THE DEAL? DON'T DEAL!
by David Sisler
About face! Forward march!
Did they miss a step? I didn't think so.
The tobacco industry is nothing if not unified, except for upstart Liggett, of course. Stand up in Congress, gentlemen, raise your right hand, and repeat after me, "The testimony I am about to give will be the truth, the whole truth, and nothing but the truth. So help me profits." Based on such an oath, maybe you could believe their straight-faced lies.
Interestingly, none of the tobacco CEO's who stood and lied to Congress — no, this stuff is not addictive, and, of course, we did not put anything into it to make it more so, since it was not addictive in the first place — are around for The Deal.
Here it is. The tobacco companies are going to admit, what we all knew all along, and what former Surgeon General C. Edward Koop made them put in writing (with their fingers crossed): Cigarettes will kill you. And to make it up to all of the former smokers with health problems related to their nicotine habit, they are going to cough up $300 billion.
Before anyone celebrates, do the numbers.

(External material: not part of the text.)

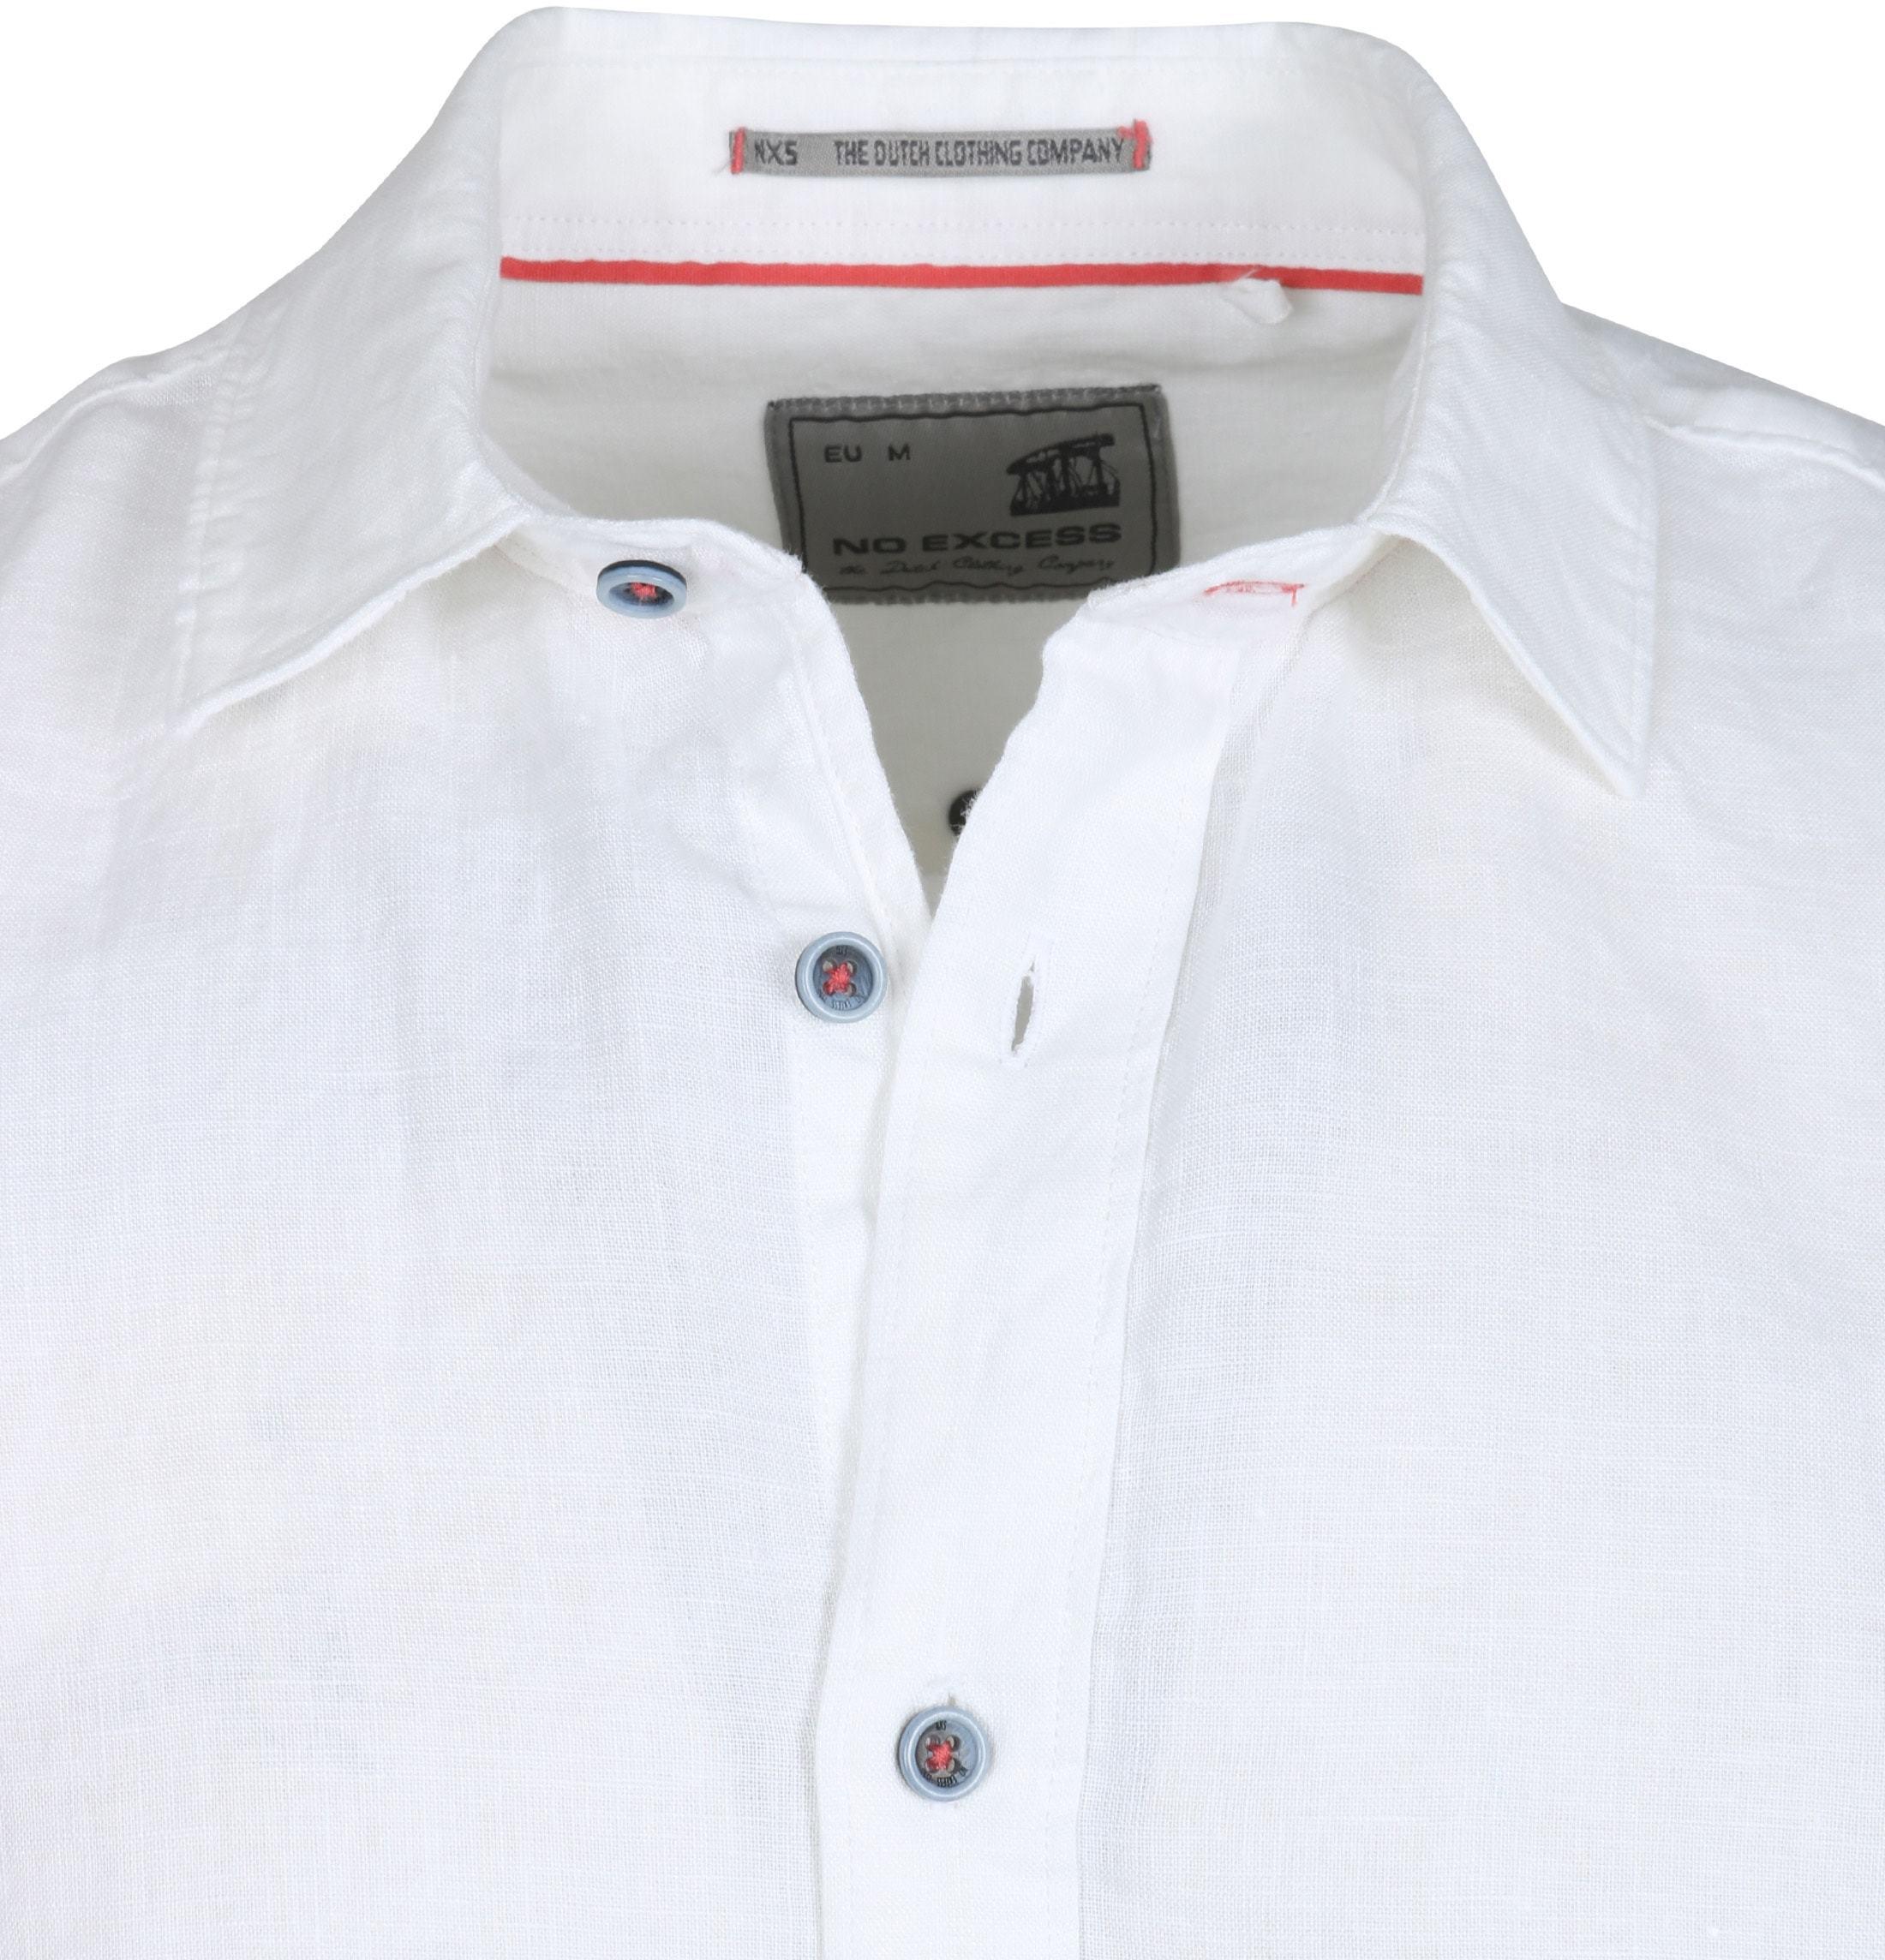 No-Excess Overhemd Linnen Korte Mouw Wit foto 1

Number one: when word leaked out that a deal was in the offing, that the tobacco industry was going to admit guilt (sort of) and make a huge payment to its victims, tobacco stocks jumped. Wall Street reacted with enthusiasm — even though the industry is talking about taking a massive liability payment. Philip Morris Company shares were up, that first day, $4.25 or 11 percent. RJR Nabisco Holdings Corporation closed up $3.25 or an equal 11%, in New York Stock Exchange composite trading. And although the gains have slowed, they certainly have not stopped.
Number two: How much is $300 billion? According to Time, "it would make every resident of Buffalo, NY an instant millionaire. It equals 40 years of profit for Exxon."

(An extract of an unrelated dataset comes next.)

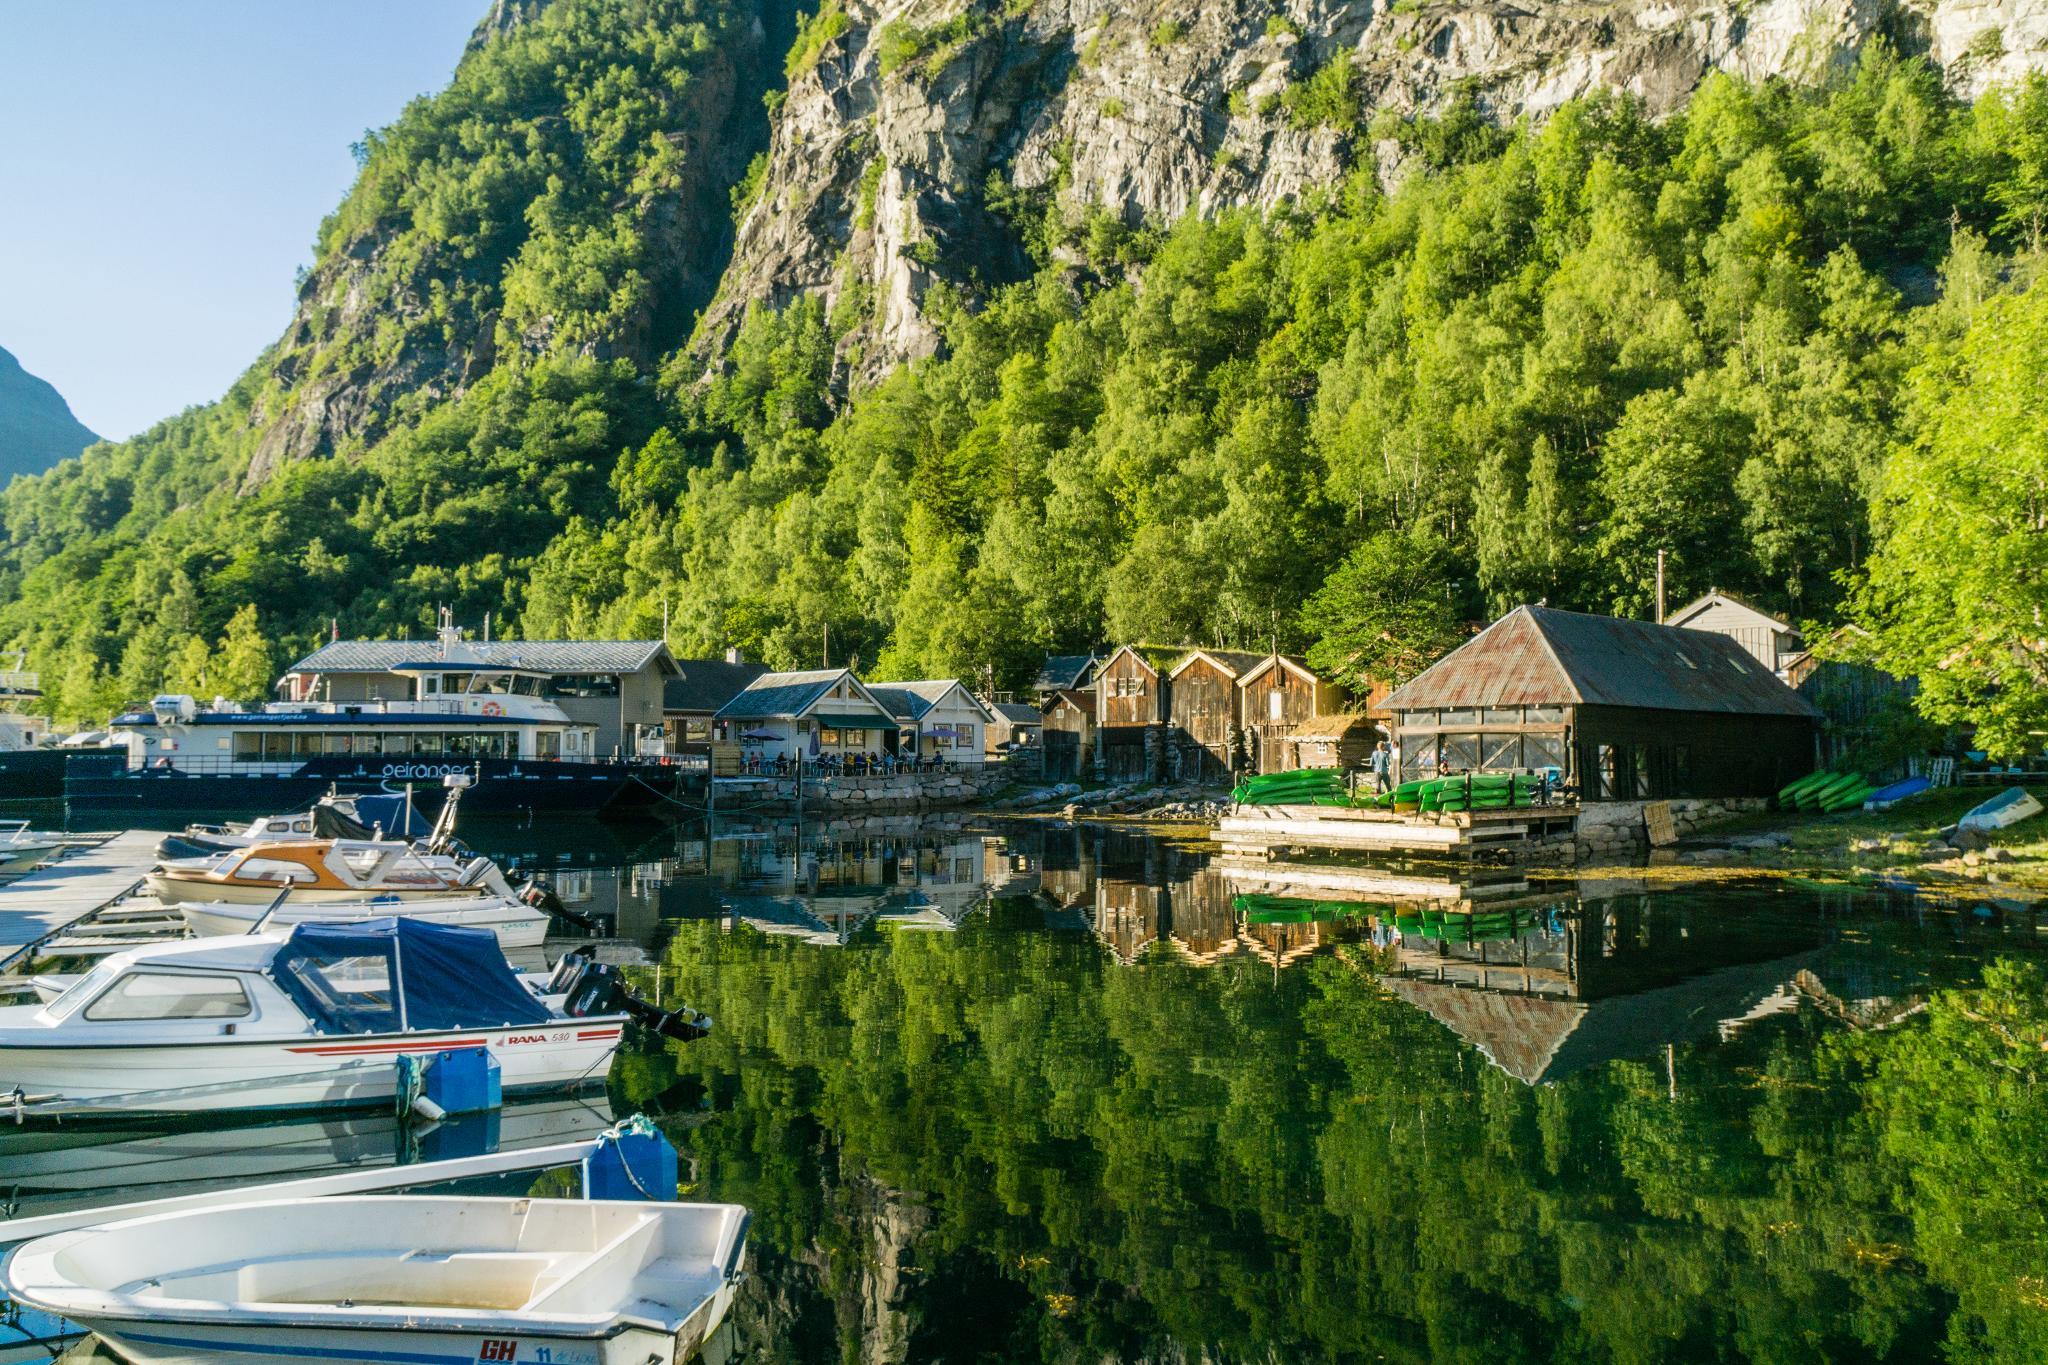 【北歐景點】Ørnesvingen 老鷹之路 ∣ 挪威世界遺產 — 蓋倫格峽灣景點總整理 24

But $300 billion is really not a lot of money. Not to the tobacco industry.
Roy Burry, an analyst for Oppenheimer, calculated that the $300 billion figure would not exact a harsh toll on the industry. The industry could come up with $300 billion by paying $6 billion in the first year and increasing the payout by five percent each year thereafter. They are not going to dip into the profits pool to pay that either. Those who are hooked on cigarettes will continue to pay the bill because the price of one pack of cancer sticks will go up at least twenty-five cents. That would result in a 6 percent drop in cigarette demand in the U.S., but industry leader Philip Morris's earnings would drop by only 2 percent, Mr. Burry said. With adjustments figured in, they will actually make a profit.
Number three: when the $300 billion figure is put up against the dollar cost to our nation's health, there is no bargain here either. Richard Daynard, chairman of the Tobacco Liability Project, calculates that smoking costs the American public $50 billion a year directly, and $100 billion a year indirectly, in lost productivity. By those estimates, $300 billion a year over a 25-year period — or an average of $12 billion per year — "comes to 10 cents on the dollar."
Number four: if the $300 billion payoff is approved, the tobacco industry will clear its legal slate completely. The tobacco industry is asking to be set up a novel mechanism akin to workers' compensation for paying smokers' claims, in return for generally prohibiting liability suits against cigarette makers. If the industry's proposed plan is approved, they will admit fault, place larger warnings on its product, and then never be required to pay another nickel in damages.
Seattle attorney Steve Berman, a participant in the negotiations, stated that lawyers have not yet resolved the contentious issue of precisely how much immunity from lawsuits the tobacco industry should get.
How much immunity? No one ever placed a gun beside of a smoker's head to get him or her to light up, but the tobacco industry did everything in its power to hook smokers and keep them hooked. If there is justice, the tobacco company will get no immunity. They are liars, and they know it. They have been hurting people, and they know it. If they get immunity, they will continue to pedal their poison with impunity.
The tobacco industry has started to crack. The mere discussion of such concessions is a measure of the industry's collapsing position. The fact that the chairmen of both companies attended the opening session, and that a key White House aide is monitoring the proceedings, is proof this is more than a sparring match.
The Washington Post recently editorialized: "Maybe at some point it will be in the public interest to cut a deal with the [tobacco] companies. But not now. They seek protection they do not deserve from a blow that they have yet to feel. Why give it to them? "
Now is the time hold firm. In the words of Paul to the Ephesians, "Having done all to stand, stand!" It will be a bad deal for Joe Public, if Joe Camel gets away with The Deal.